Leave out the pictures and output exactly the lines below from the one with "Chinese nieuw jaar" down to the one with "Dewytree Ac Ctrl", both of them included.

**Records provided:**
--

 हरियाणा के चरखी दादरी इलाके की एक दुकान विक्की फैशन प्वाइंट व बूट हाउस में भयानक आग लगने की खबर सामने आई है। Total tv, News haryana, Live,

--

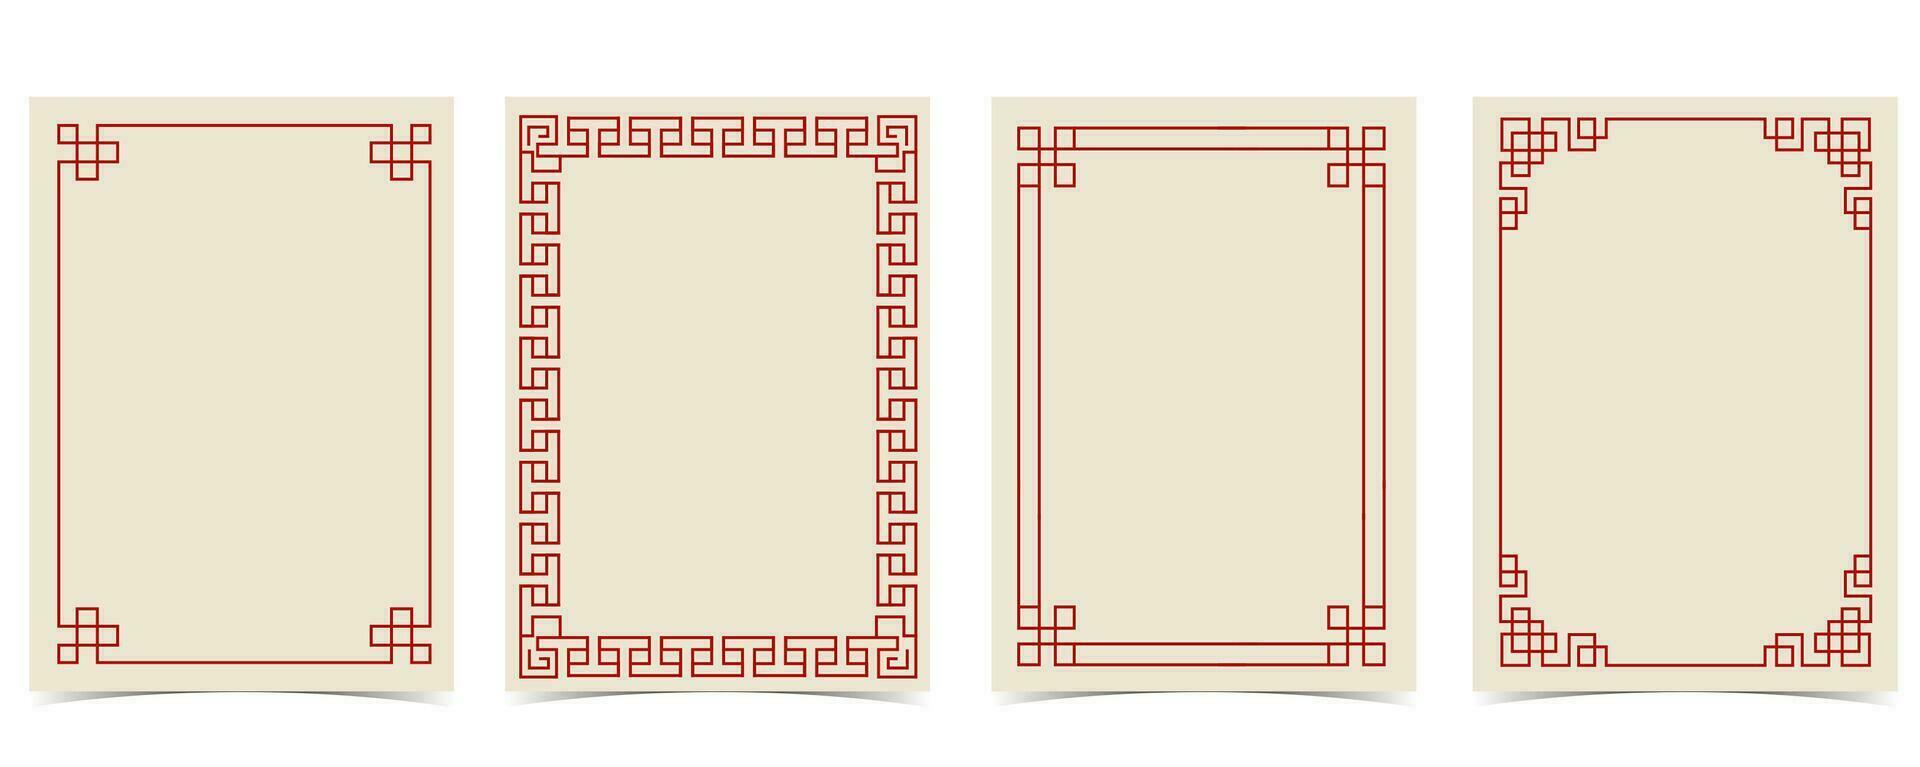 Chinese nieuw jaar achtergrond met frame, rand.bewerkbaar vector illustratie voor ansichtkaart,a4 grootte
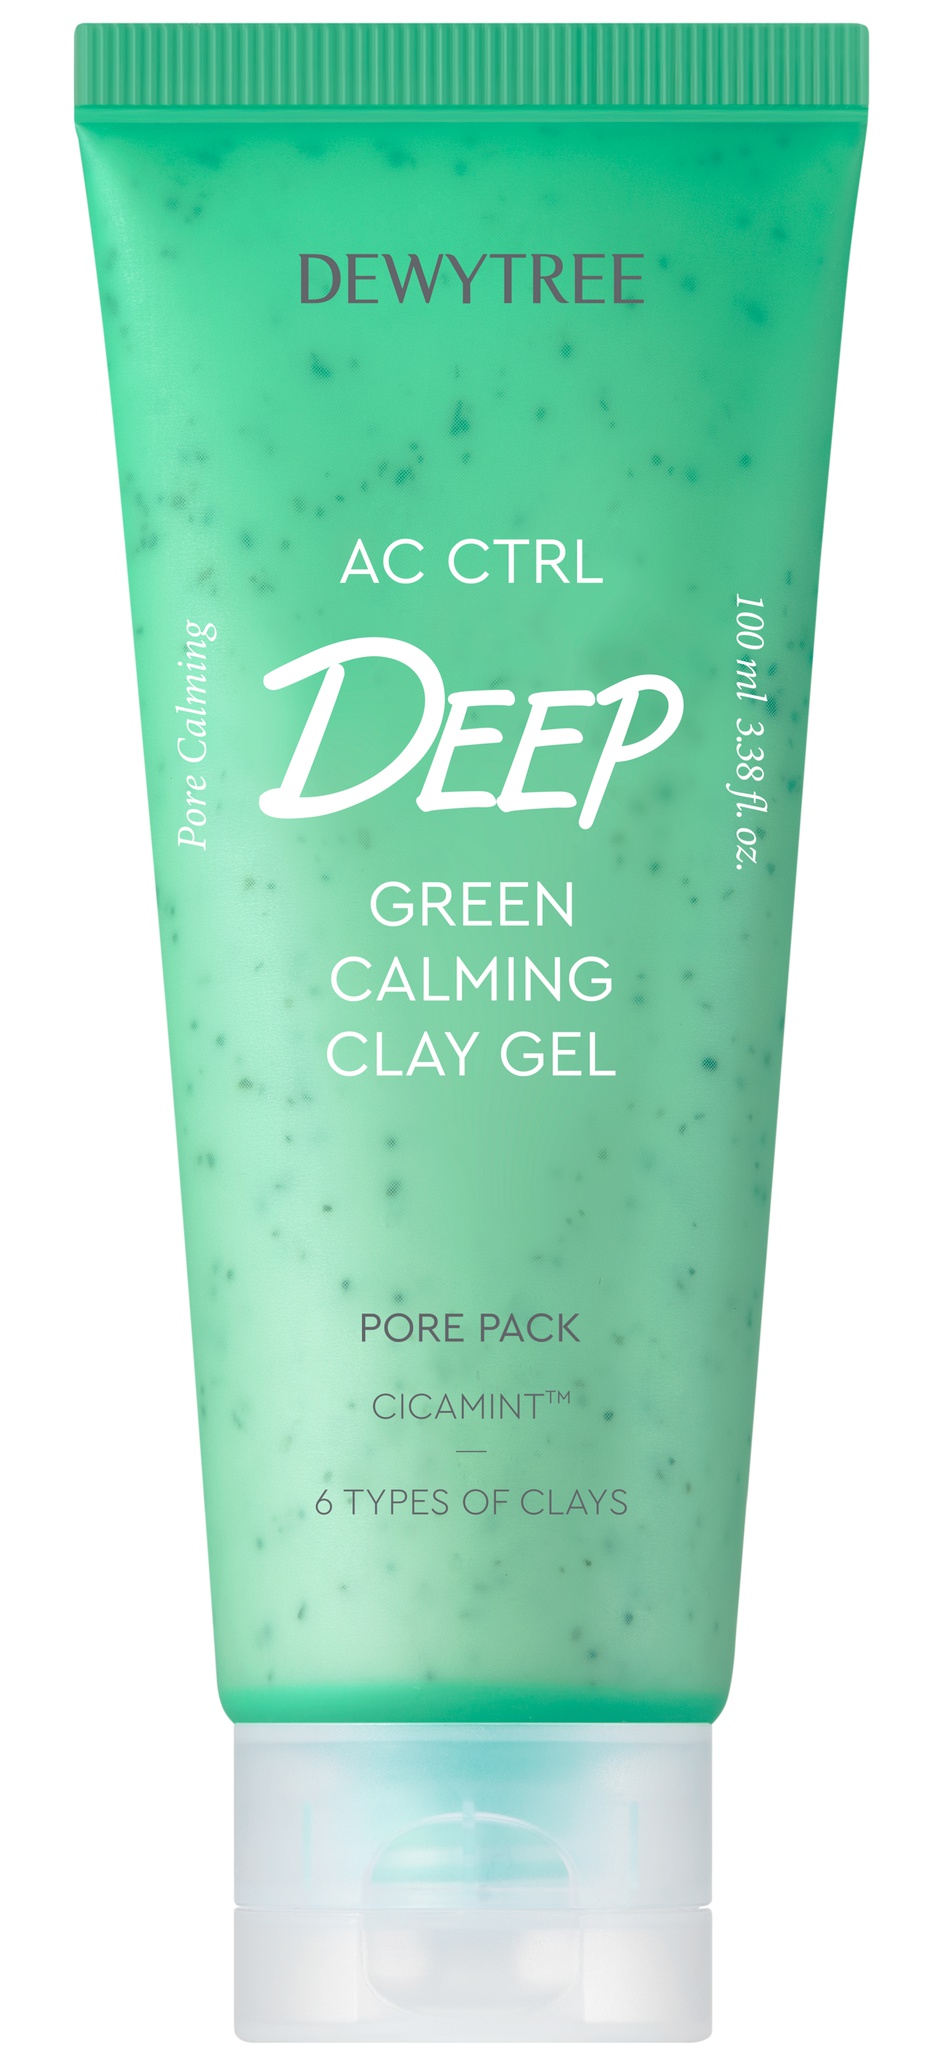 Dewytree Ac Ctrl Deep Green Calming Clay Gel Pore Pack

--

**Result of the exercise:**
 Chinese nieuw jaar achtergrond met frame, rand.bewerkbaar vector illustratie voor ansichtkaart,a4 grootte
 Dewytree Ac Ctrl Deep Green Calming Clay Gel Pore Pack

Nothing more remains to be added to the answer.